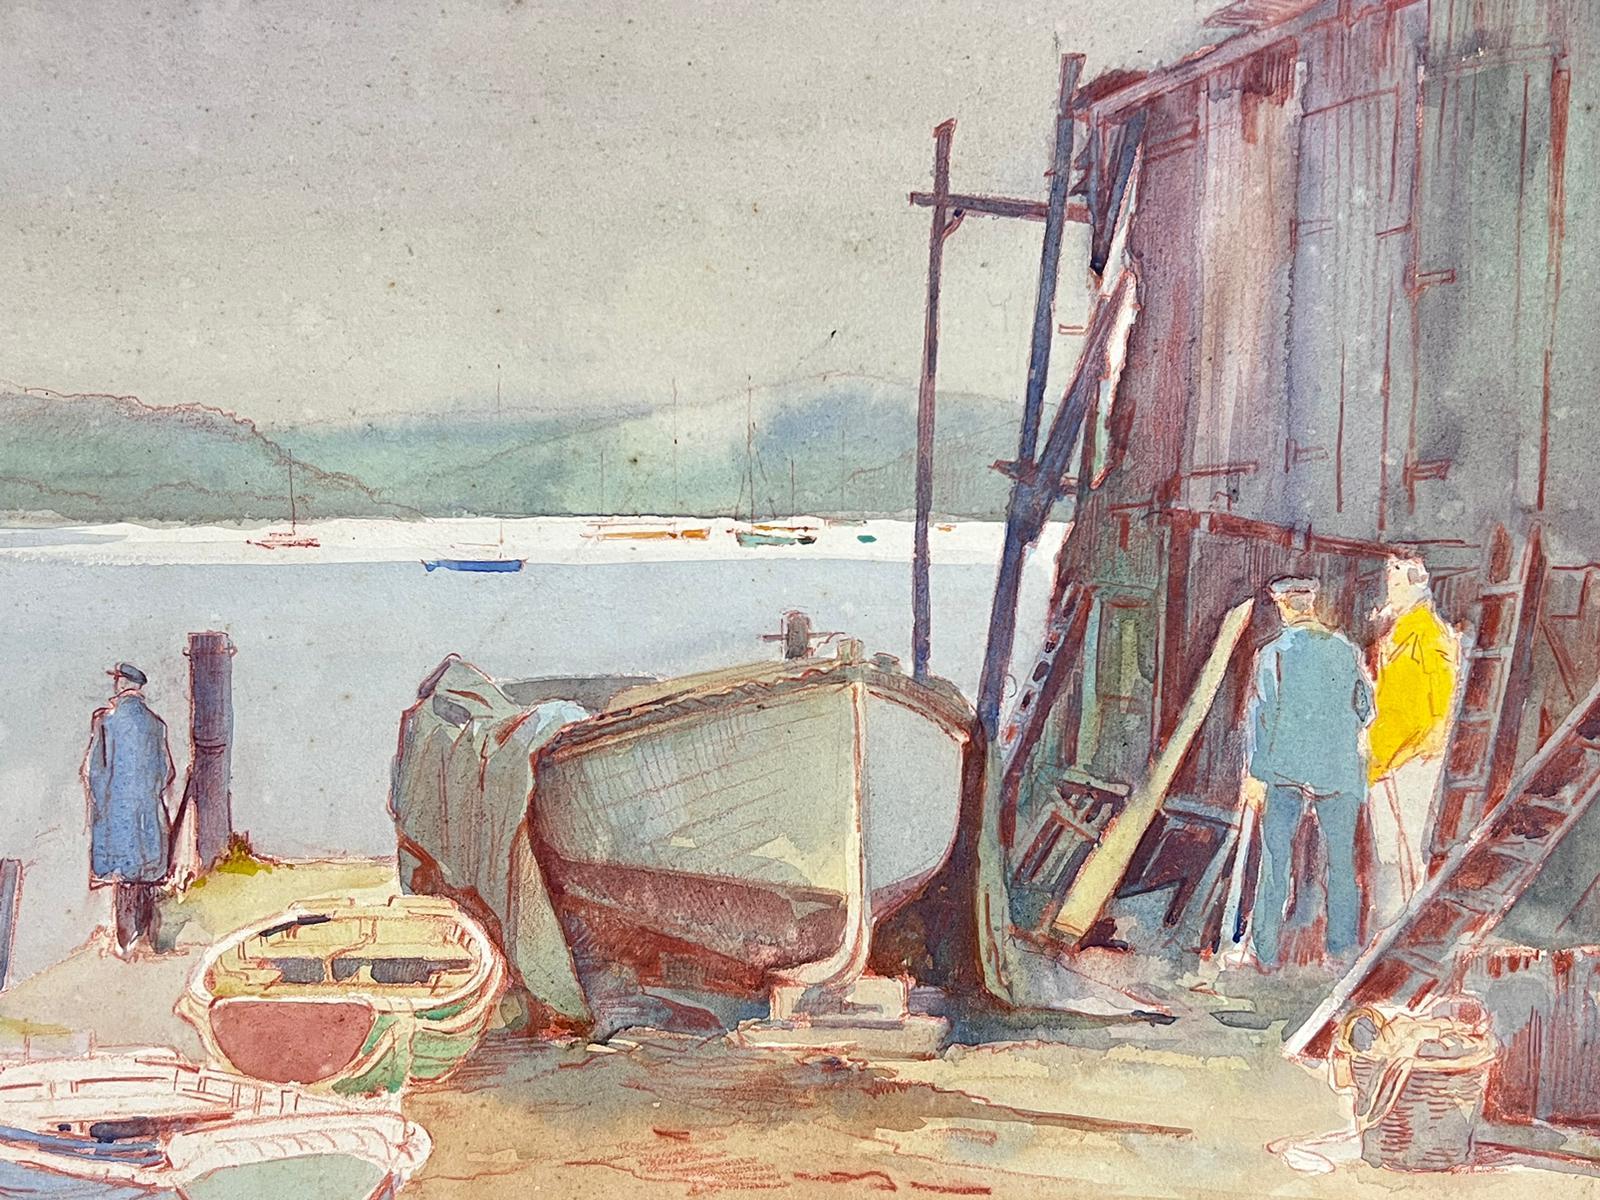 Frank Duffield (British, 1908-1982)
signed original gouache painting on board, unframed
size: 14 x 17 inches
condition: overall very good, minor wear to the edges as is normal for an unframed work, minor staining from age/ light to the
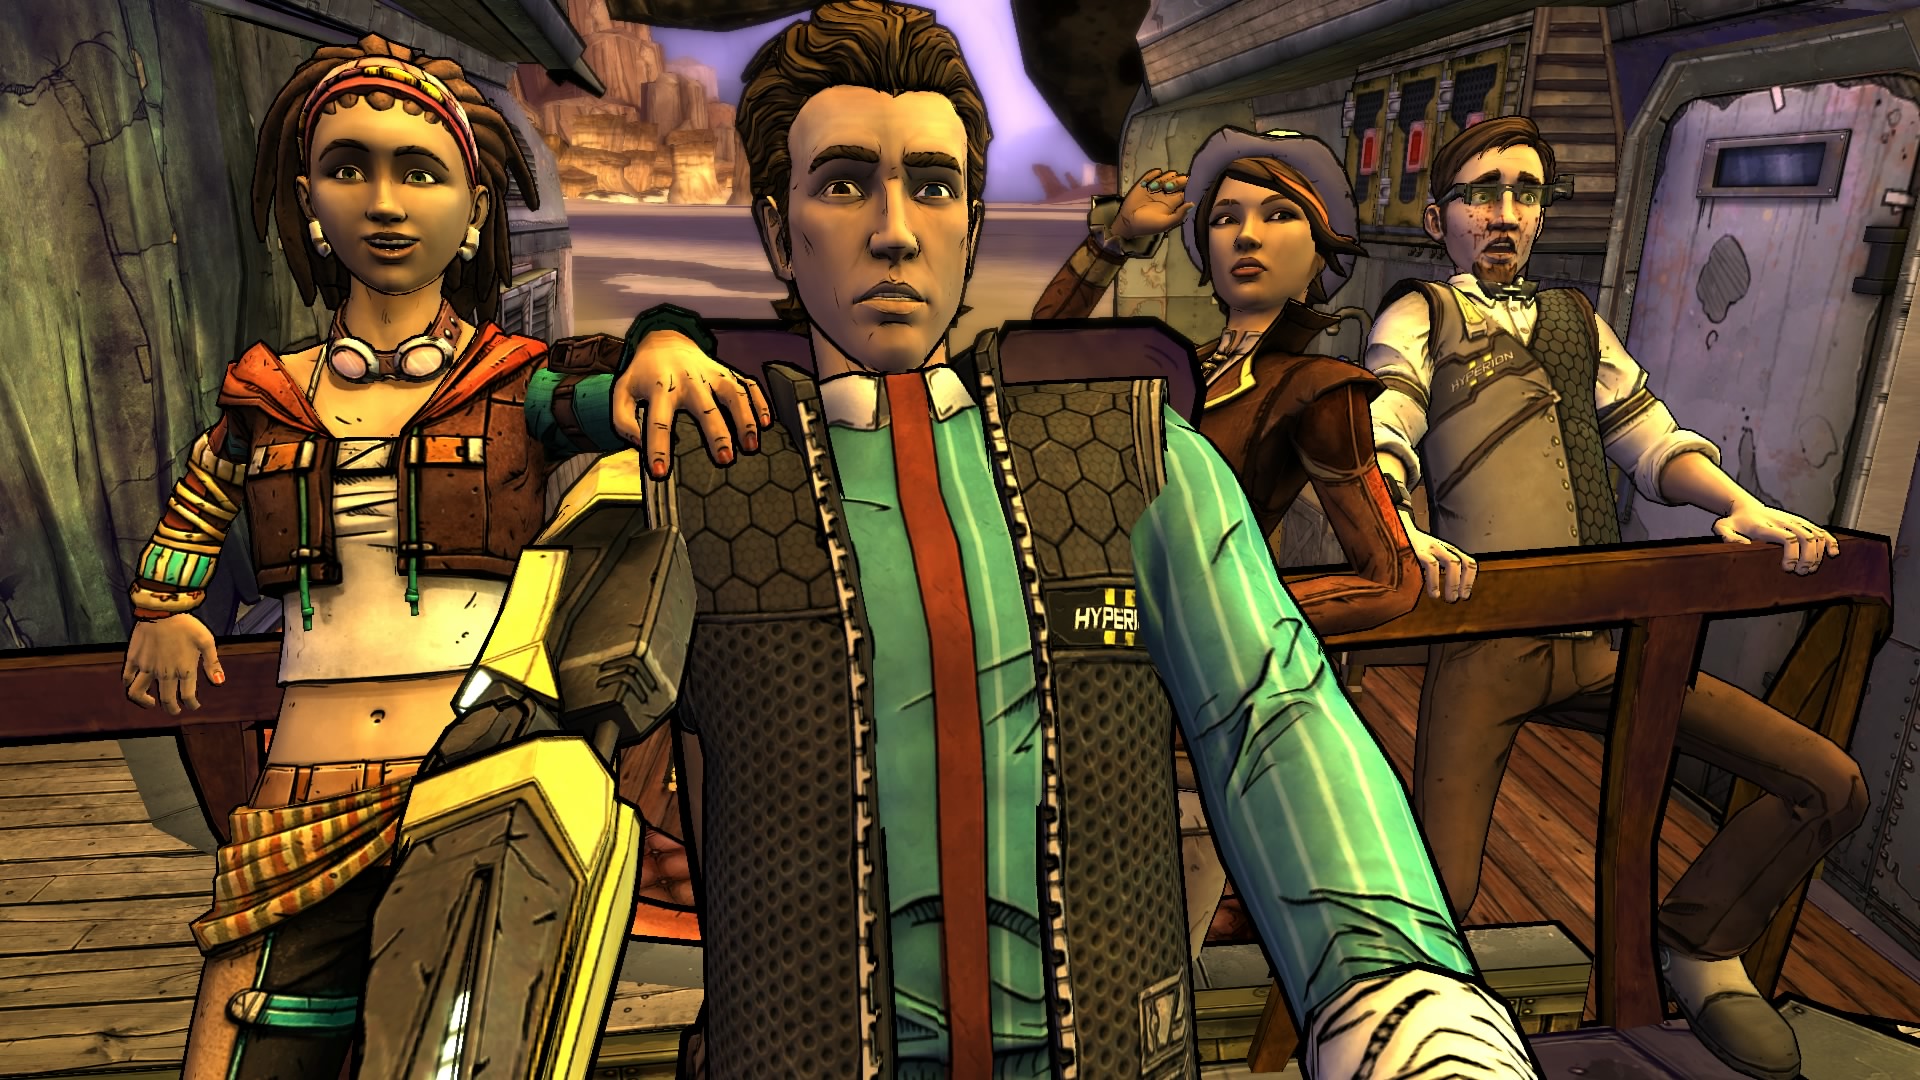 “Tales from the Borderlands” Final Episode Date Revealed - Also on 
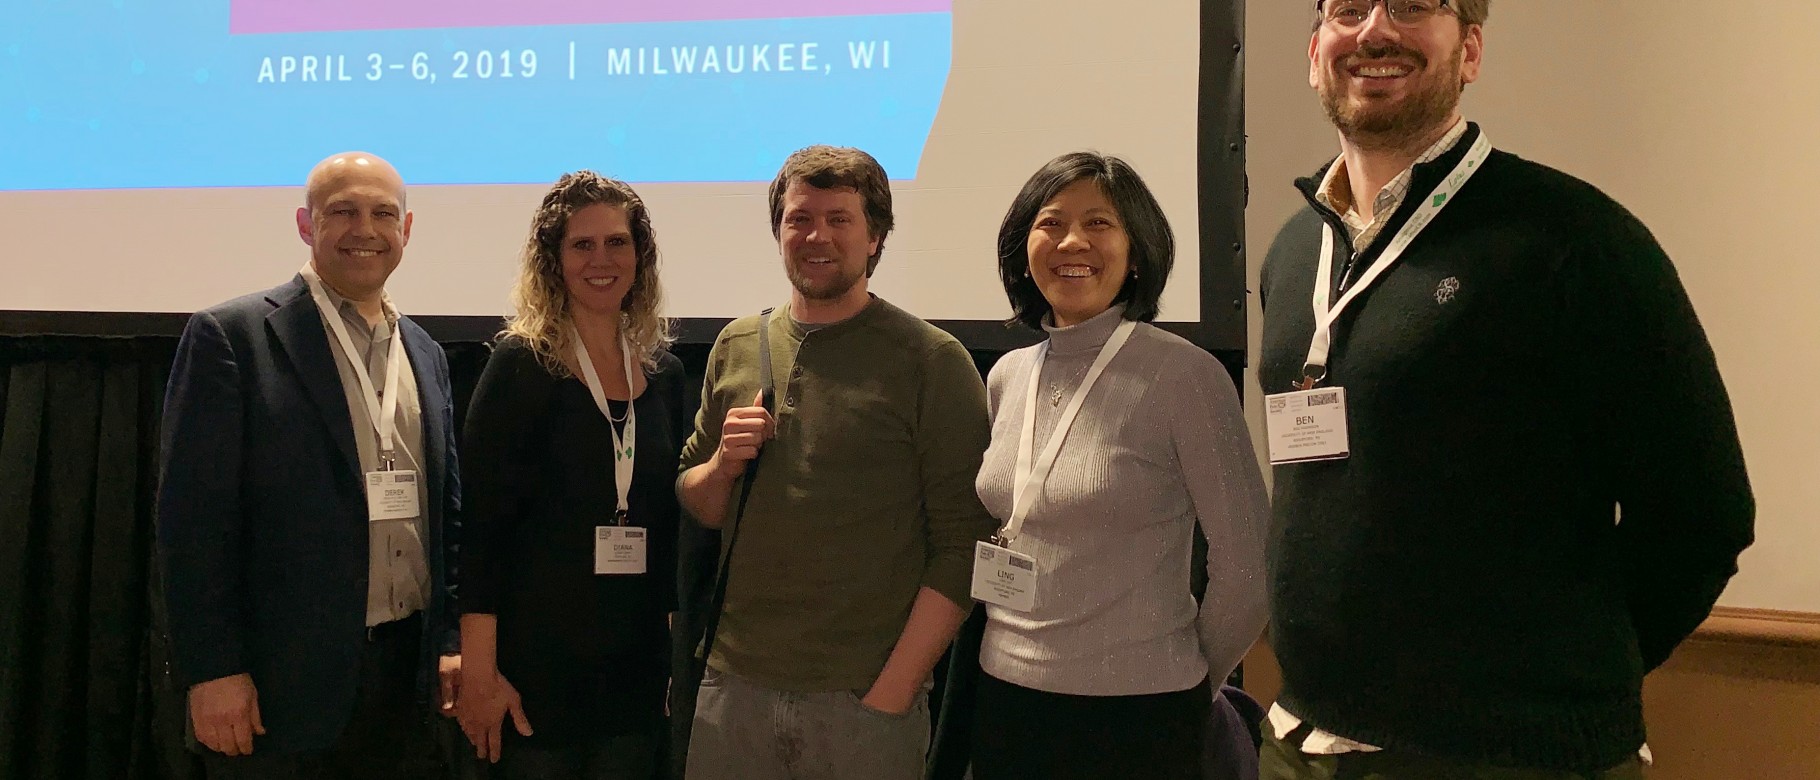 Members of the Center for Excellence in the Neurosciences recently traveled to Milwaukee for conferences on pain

Problem requirements >> Copy exactly, with no pictures, the lines from the line containing "Revealed - Also on" through the last line of the records above.

Completed exercise >>
 “Tales from the Borderlands” Final Episode Date Revealed - Also on 
 Members of the Center for Excellence in the Neurosciences recently traveled to Milwaukee for conferences on pain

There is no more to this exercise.